Bryan Singer here takes his fourth whack at directing an installment in the Marvel series, and does so ably. The story follows the awakening of ancient deity Apocalypse (Oscar Isaac, always good to see, even under a pile of prosthetics), raised from the dead after thousands of years and hell-bent on destruction, with recruitment of mutants high up on his list. Set in 1983, during one of the chillier spikes of the Cold War, gives the film an interesting backdrop, one that it capitalizes on as often as it misses the mark. Michael Fassbender and Jennifer Lawrence, as Magento and Mystique, respectively, return and do solid work, and Olivia Munn is admirable in the role of Psylocke, despite the relative lack of screen time and work for her character to do. (She does have a really cool samurai sword.)
There's no way to put this movie in a jar for observation and not make the obvious comparison to this year's other comics-spawned tent poles, the awful Batman v. Superman and the damn outstanding Captain America: Civil War. Apocalypse falls somewhat in between, something fitting for a franchise that neither blew on the launch pad like the start to DC's Justice League slog, nor picks up the creative head of steam in Marvel's Avengers series and its corollary movies. It's overlong, the big sequences are great but nothing mind-bendingly original. PG-13. 144m. FORTUNA.
— David Jervis
BROADWAY and MILL CREEK listings were not available at press time. For showtimes, see the Journal's listings at www.northcoastjournal.com or call: Broadway Cinema 443-3456; Fortuna Theatre 725-2121; Mill Creek Cinema 839-3456; Richards' Goat Miniplex 630-5000.
Previews
ME BEFORE YOU. Carpe diem love story about a caregiver and a suicidal quadriplegic man.

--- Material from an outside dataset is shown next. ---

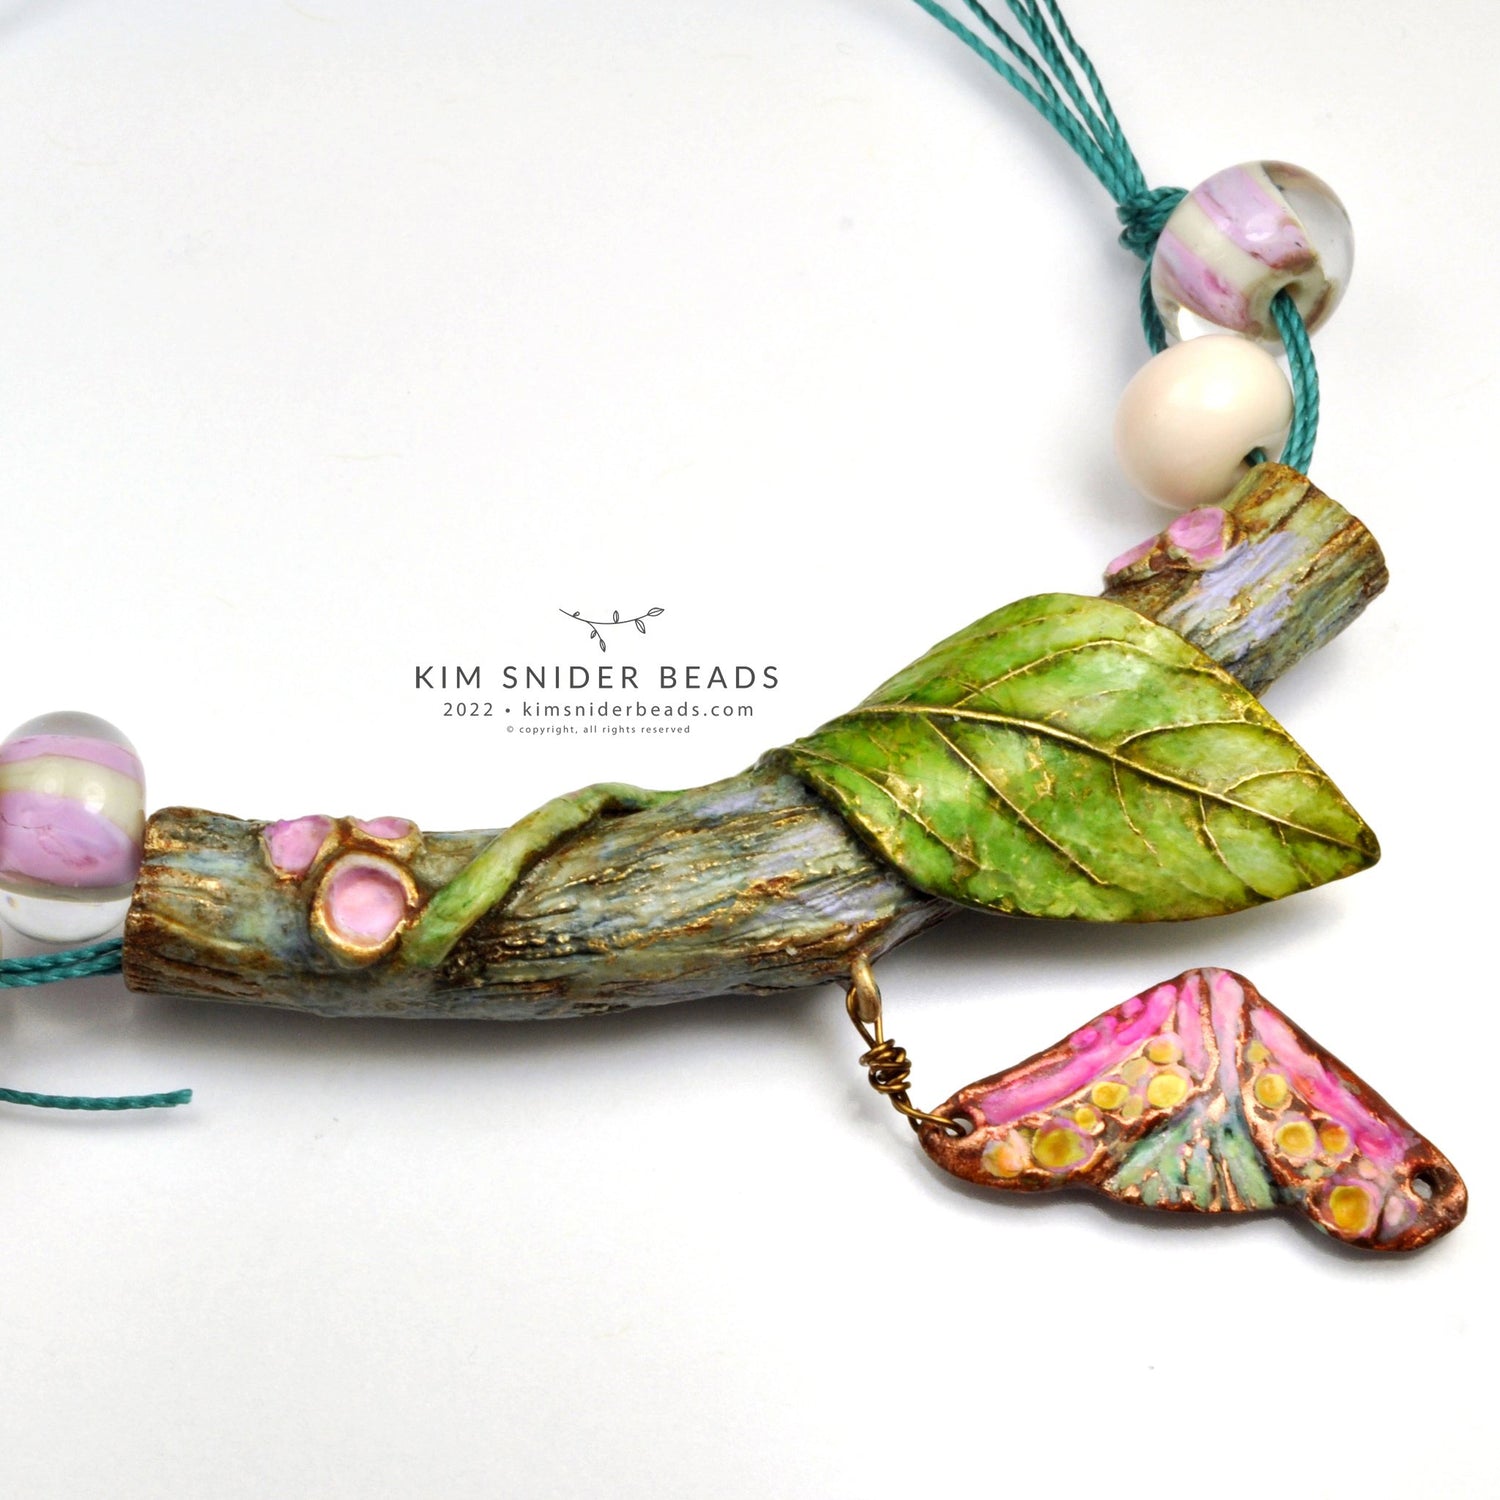 Lichen branch necklace focal bead by Kim Snider

PG. 110m.
TEENAGE MUTANT NINJA TURTLES: OUT OF THE SHADOWS. Megan Fox and Will Arnett in the franchise that launched a thousand lunch boxes. PG-13. 112m. FORTUNA.
POPSTAR: NEVER STOP NEVER STOPPING. Andy Samberg plays a fading Bieber-ish boy-band star desperate to stay in the spotlight in this song and cameo filled music biz comedy. R. 86m.
Continuing
THE ANGRY BIRDS MOVIE. From your iPhone to the big screen, grumpy animated fowl hurl themselves at interloping pigs. Voiced by Jason Sudeikis and Maya Rudolph. PG. 97m. FORTUNA.
CAPTAIN AMERICA: CIVIL WAR. The Avengers assemble and rumble in a well-made, satisfying action movie that handles tricky politics and gives promising starts for new characters. PG13. 147m. FORTUNA.
THE DARKNESS. A family visits the Grand Canyon and all they get is this ancient evil haunting them and leaving creepy handprints everywhere. With Kevin Bacon. PG13. 92m.
THE JUNGLE BOOK. The Kipling story returns to inspire real childhood wonder with seamless CGI, believable animal characters and grand adventure. PG. 106m.
THE MAN WHO KNEW INFINITY. True story of an Indian mathematician (Dev Patel) and his British Cambridge mentor (Jeremy Irons). R. 97m.
NEIGHBORS 2: SORORITY RISING. Woman-positive, gross, funny sequel to the original Greeks vs. Grownups comedy that actually has something to say. Seth Rogan, Rose Byrne, Chloë Grace Moretz and Zac Efron. R. 92m. FORTUNA.
THE NICE GUYS. A grimy-cool 1970s L.A. detective comedy with Ryan Gosling and Russell Crowe finding chemistry and humanity in their hangdog characters. R. 116m.